Players from the townships with aspirations of playing at the highest level have to squeeze their way through a narrow pipeline of elite rugby-playing schools like Kolisi did. To put it bluntly, if they don’t get into a Bishops, a SACS, a Paul Roos, a Grey College, or a few other top schools, they will not play top-grade rugby.
What have the various arms of government done to improve life in the townships? What has the South African Rugby Union done to develop the game in these townships?
The answer is, in capital letters: NOTHING.
School sport is dead. And once-thriving clubs in black townships throughout the country have been squeezed out of existence by the new, ‘united’ controllers of the game. To speak of transformation is stretching the truth. Rugby in South Africa has NOT been transformed. What has happened is that the small groups of black players who have made it to the highest levels of the game, for which they should be praised for their talent and tenacity, have been ASSIMILATED in what has been described by officials, without a hint of irony, into a ‘Springbok culture’. And this ‘Springbok culture’ is essentially a white Afrikaner, and suspiciously, a pre-1994 culture, give or take a tweak or two.
This question has never been forcefully asked or adequately explained: ‘Why would anyone – black or white – want to be part of this culture? For to be part of it would mean having to revere apartheid rugby heroes of the past, or to celebrate the anniversaries of ‘great victories’ over old rivals in the era of apartheid and segregation.
Consider this: Apartheid sport was brought to its knees by brave South Africans who risked their lives by working to isolate those sporting codes that connived with the SA government and its allies overseas in order to keep international doors open. These anti-apartheid activists were helped by committed men and women overseas who put pressure on their own governments to shut the doors to South Africa’s international participation. Today, nothing gets mentioned about the efforts of, for example, the Halt All Racist Tours (Hart) organisation who fought hard, long and innovatively to keep racist rugby teams out of New Zealand.

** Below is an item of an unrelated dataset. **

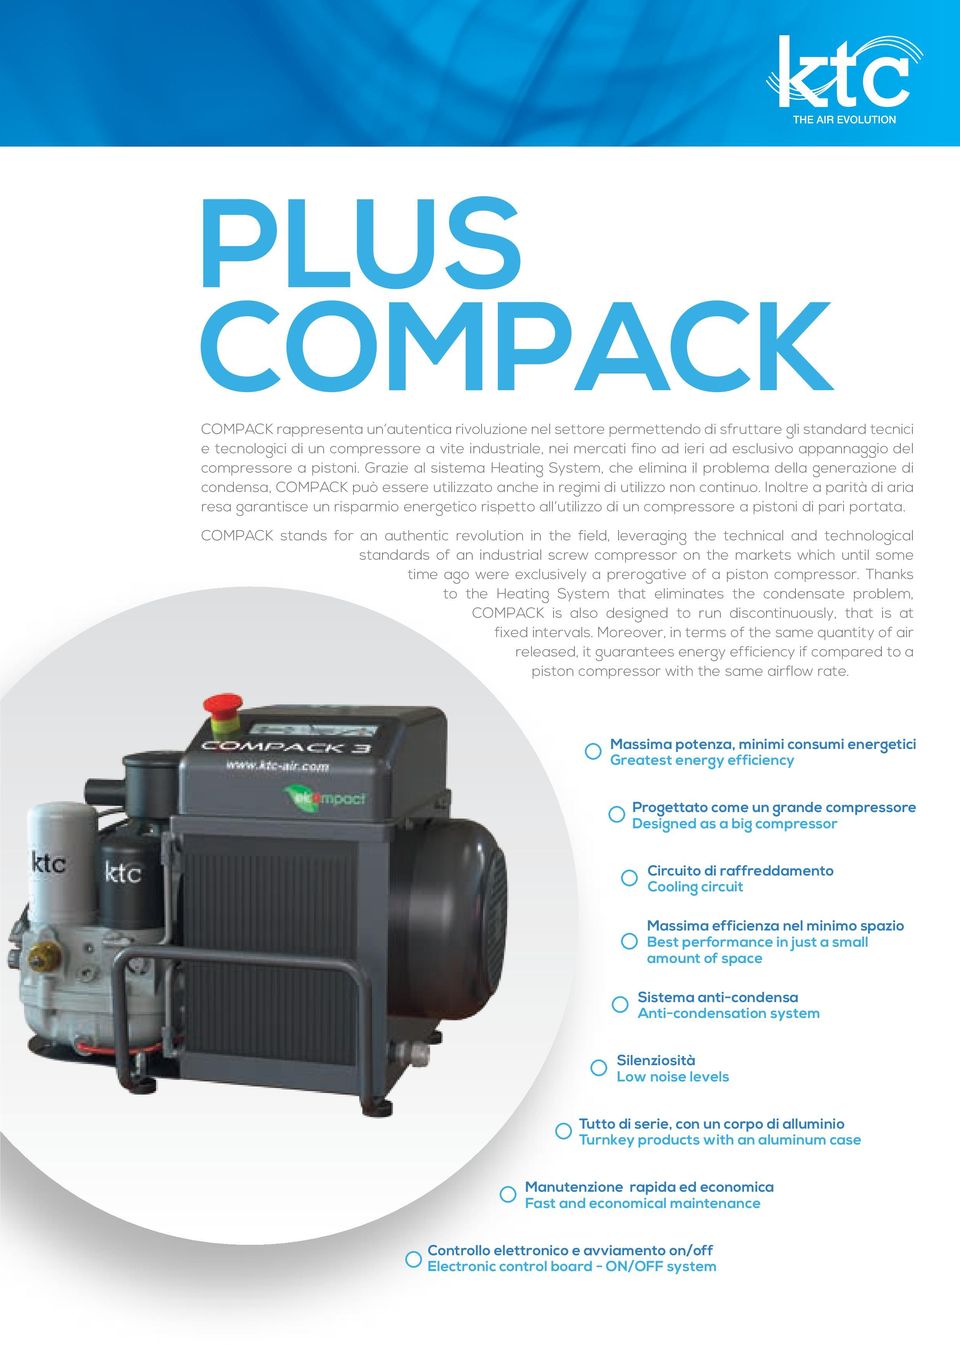 Grazie al sistema Heating System, che elimina il problema della generazione di condensa, COMPACK può essere utilizzato anche in regimi di utilizzo non continuo.

If Kolisi wishes to make a meaningful contribution to opening doors for the participation of all in the townships, it should be as an activist. A member of the Western Cape-based Stormers, he should be highlighting the dire conditions of sport in the townships. It’s all very well speaking about unity of purpose by a group of players living out of suitcases in hotel rooms in Japan.
But much more than that is needed. Perhaps he should consider the words of Megan Rapinoe, the captain of the United States’ women’s football team.
“As I’ve grown older, I’ve really got to understand how powerful one voice can be, my voice can be, or the team’s voice can be,’ Rapinoe said. “So, to hold that back or not to use that just seems selfish in a way.”
And what about the example set by Colin Kaepernick, the American Football star, who took a stand against police brutality against black people by kneeling during the playing of the US national anthem before a game?
“This stand wasn’t because I feel like I’m being put down in any kind of way. This is because I’m seeing things happen to people who don’t have a voice, people who don’t have a platform to talk and have their voices heard and affect change,” he said. “So, I’m in the position where I can do that, and I’m going to do that for people who can’t.”
As a World Cup-winning captain, Kolisi has become greatly influential. There’s a lot he can do. For a start, he should be naming and shaming the three arms of governments, who by persisting with policies that continue to nourish apartheid spatial planning, are denying thousands of township boys and girls the opportunity to reach their full potential in sport. And then, there’s the question about the status of the Springboks. This is the type of activism that is needed from South Africa’s sporting heroes.